■ Supplied data ■
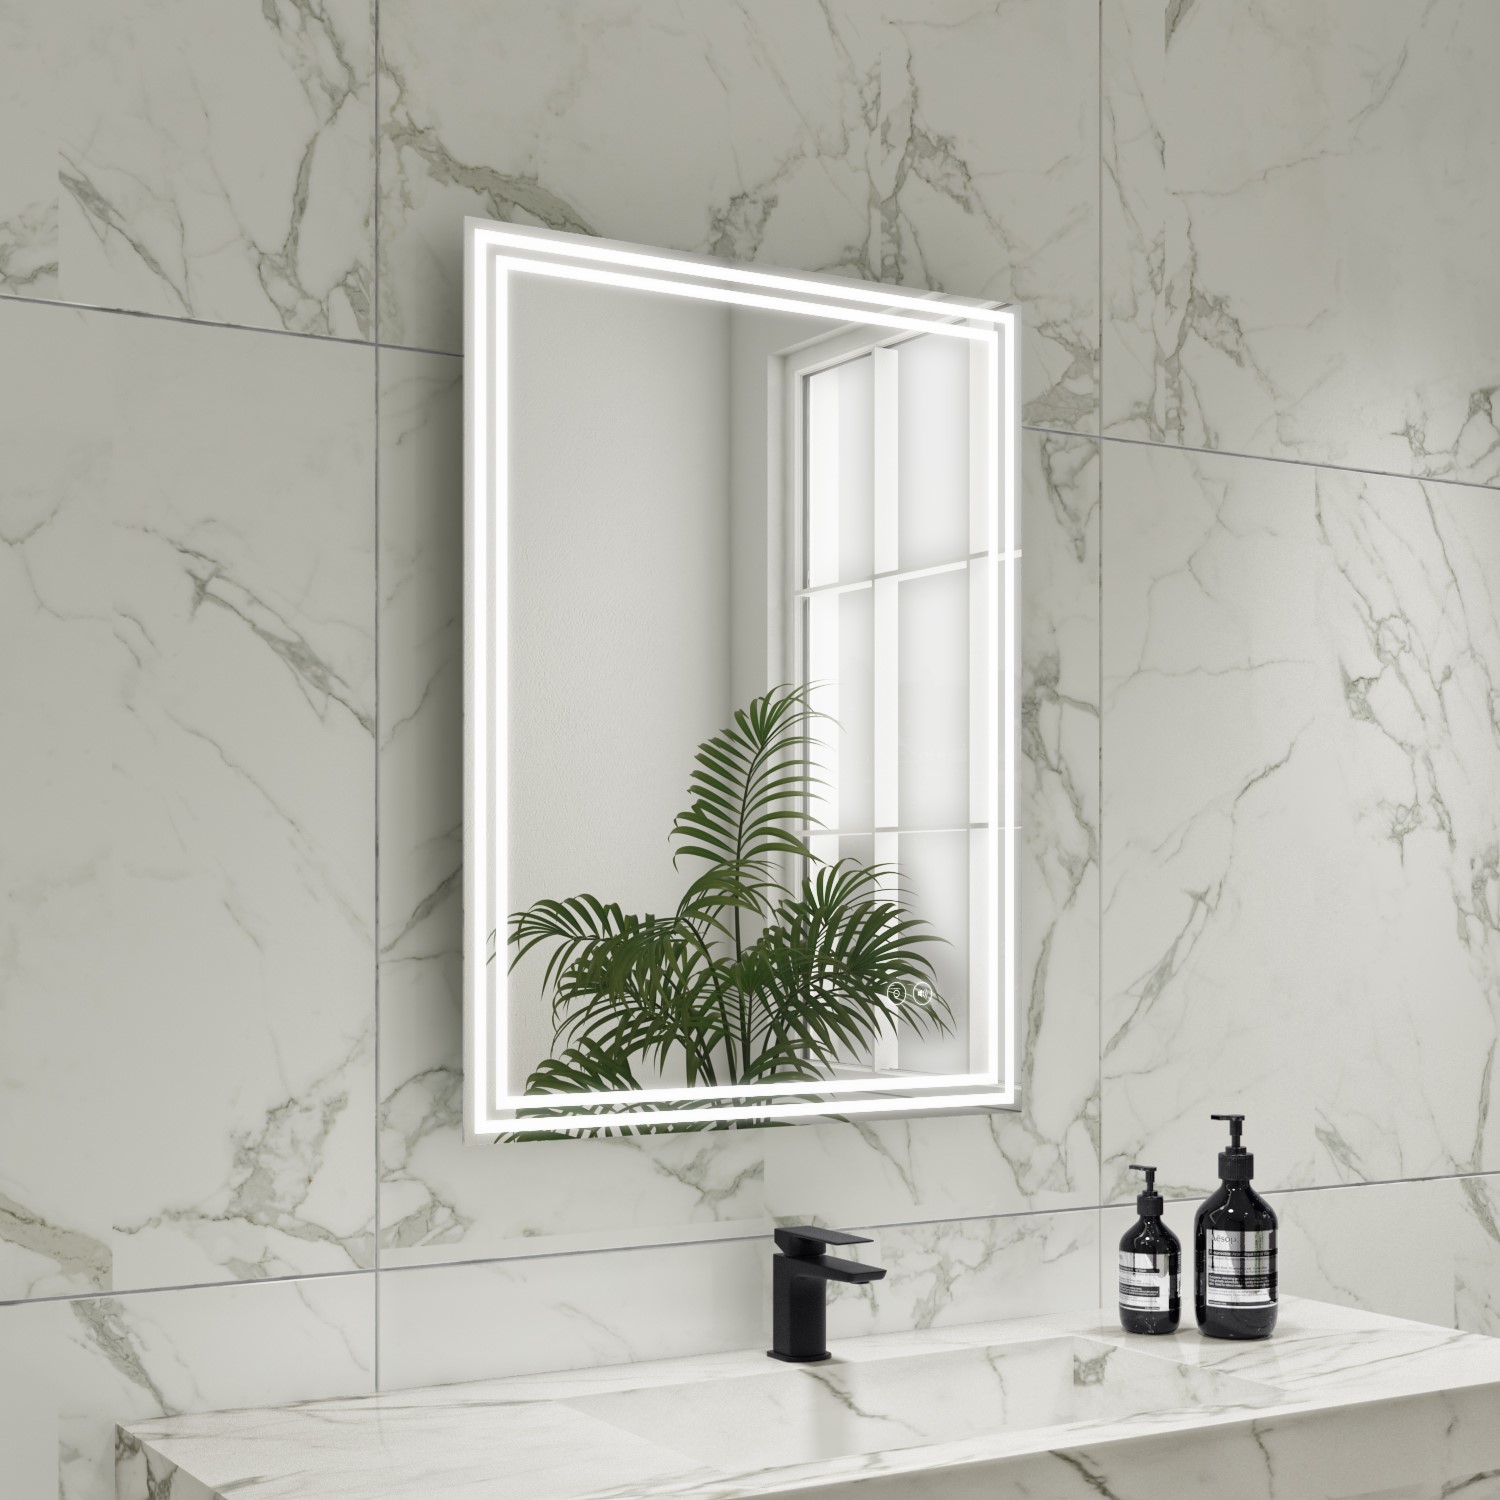 Rectangular Double Border LED Bathroom Mirror with Demister 600x800mm -Antila
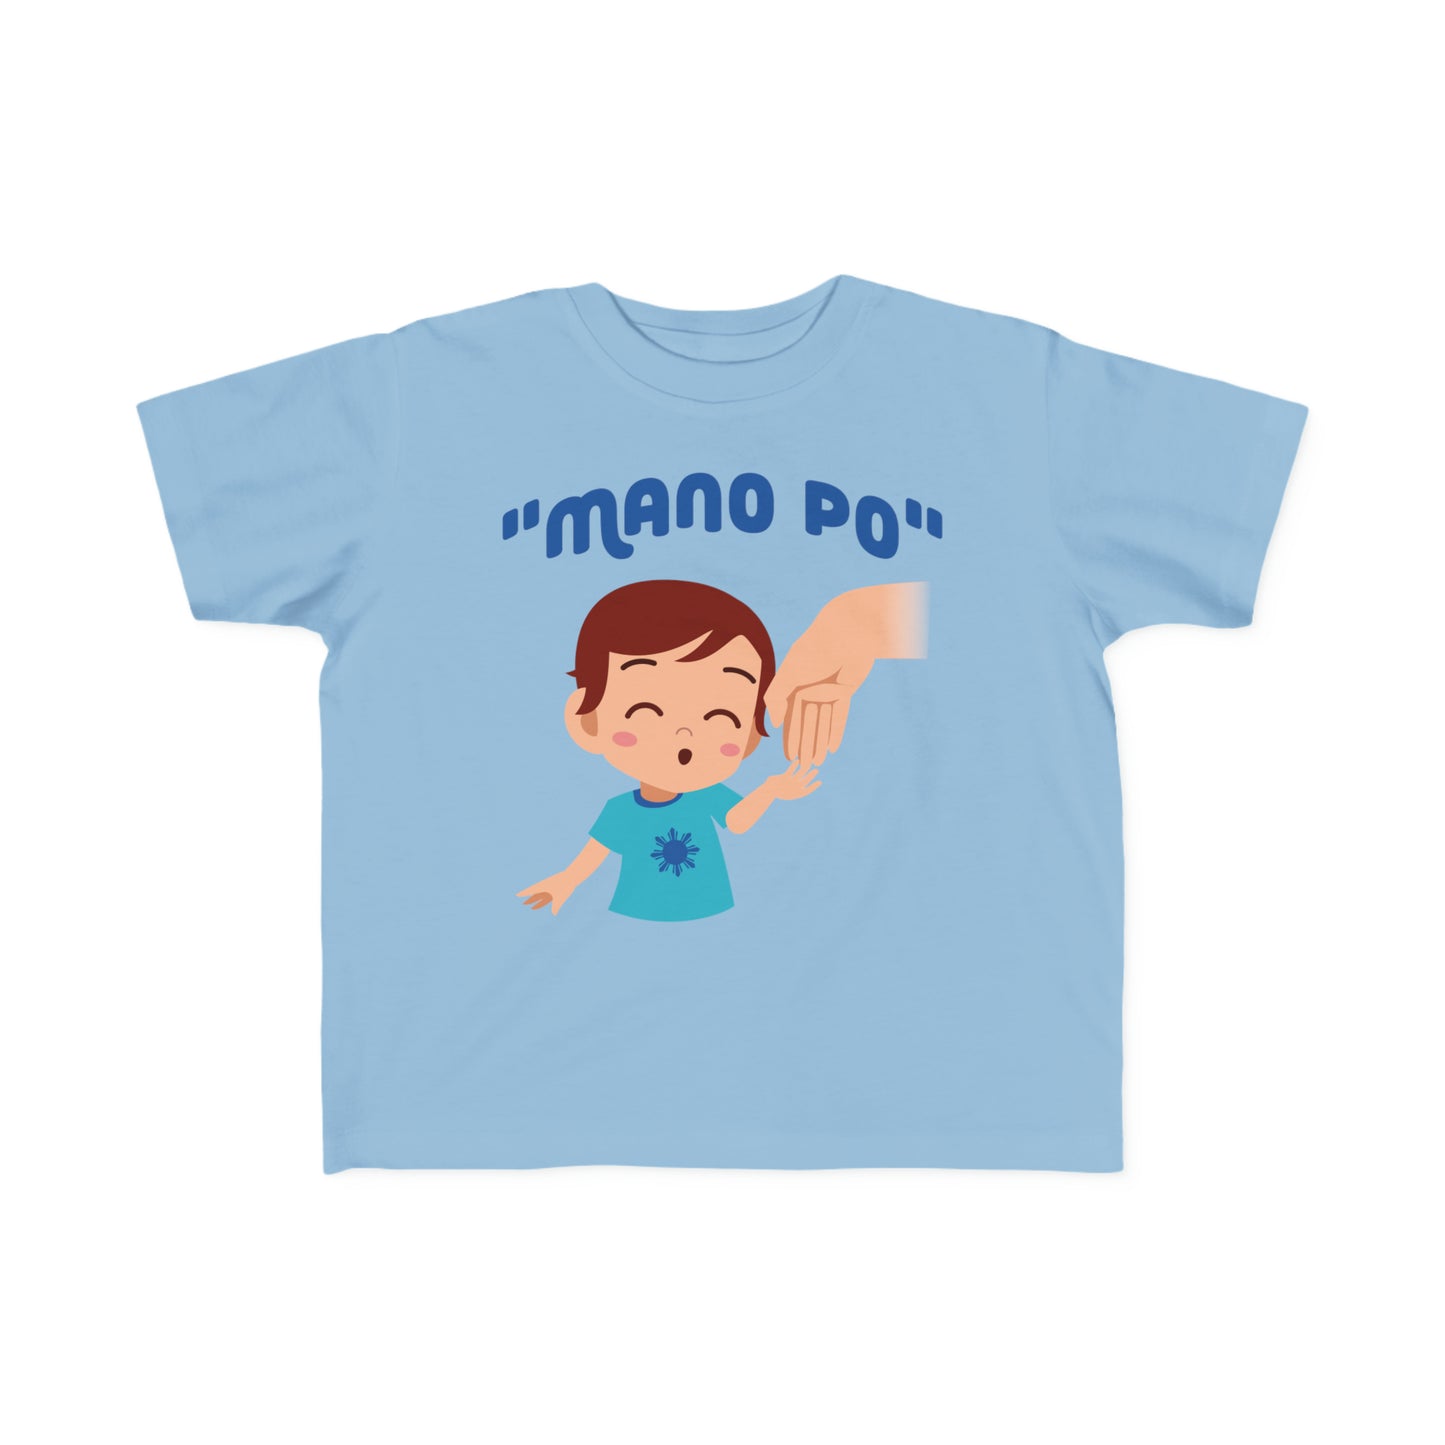 "MANO PO" Boy Toddler's Fine Jersey Tee
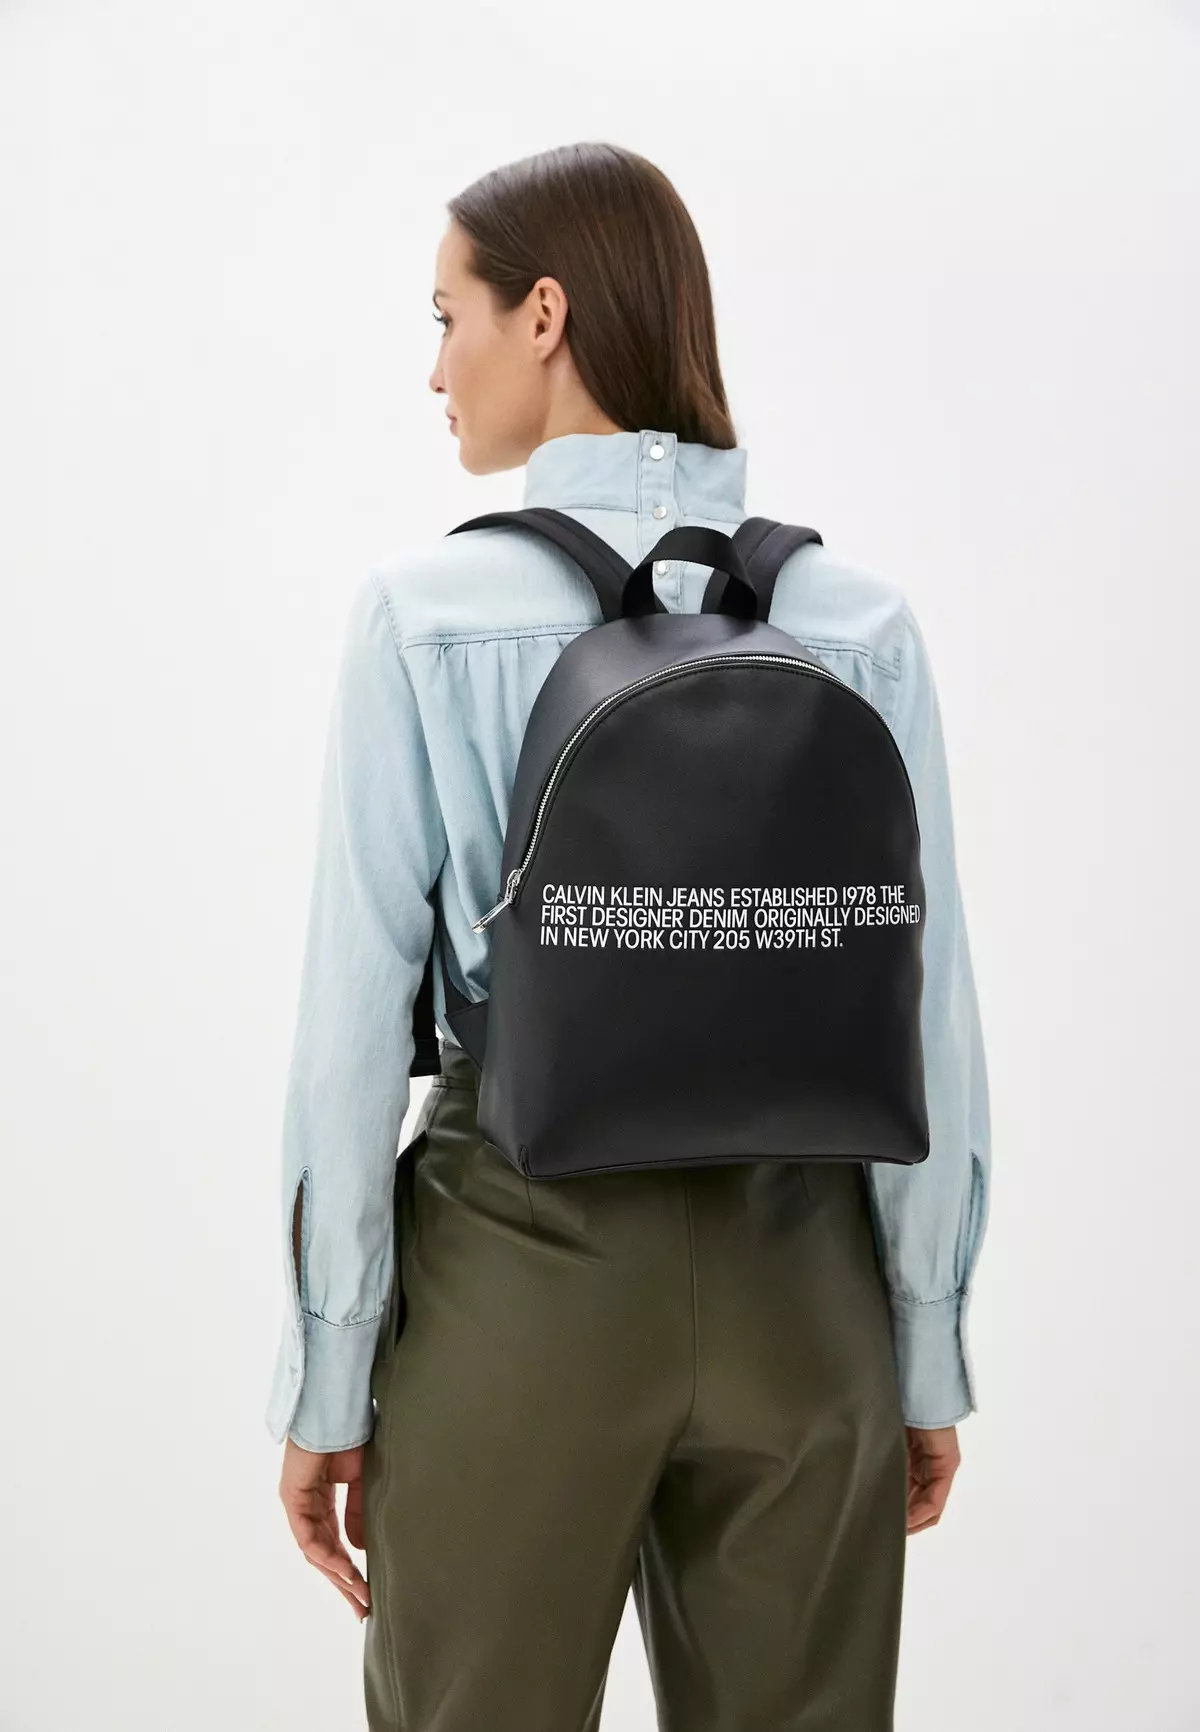 Calvin Klein Backpacks: Black Kike na Mwanaume, Leather Red, White, Yellow Kwa Monogramm na Rangi nyingine Mifuko - Backpacks 15401_2

■ Problem details ■
Return all of the lines above without alteration, minus the pictures.

■ The answer ■
 Rectangular Double Border LED Bathroom Mirror with Demister 600x800mm -Antila
 "MANO PO" Boy Toddler's Fine Jersey Tee
 Calvin Klein Backpacks: Black Kike na Mwanaume, Leather Red, White, Yellow Kwa Monogramm na Rangi nyingine Mifuko - Backpacks 15401_2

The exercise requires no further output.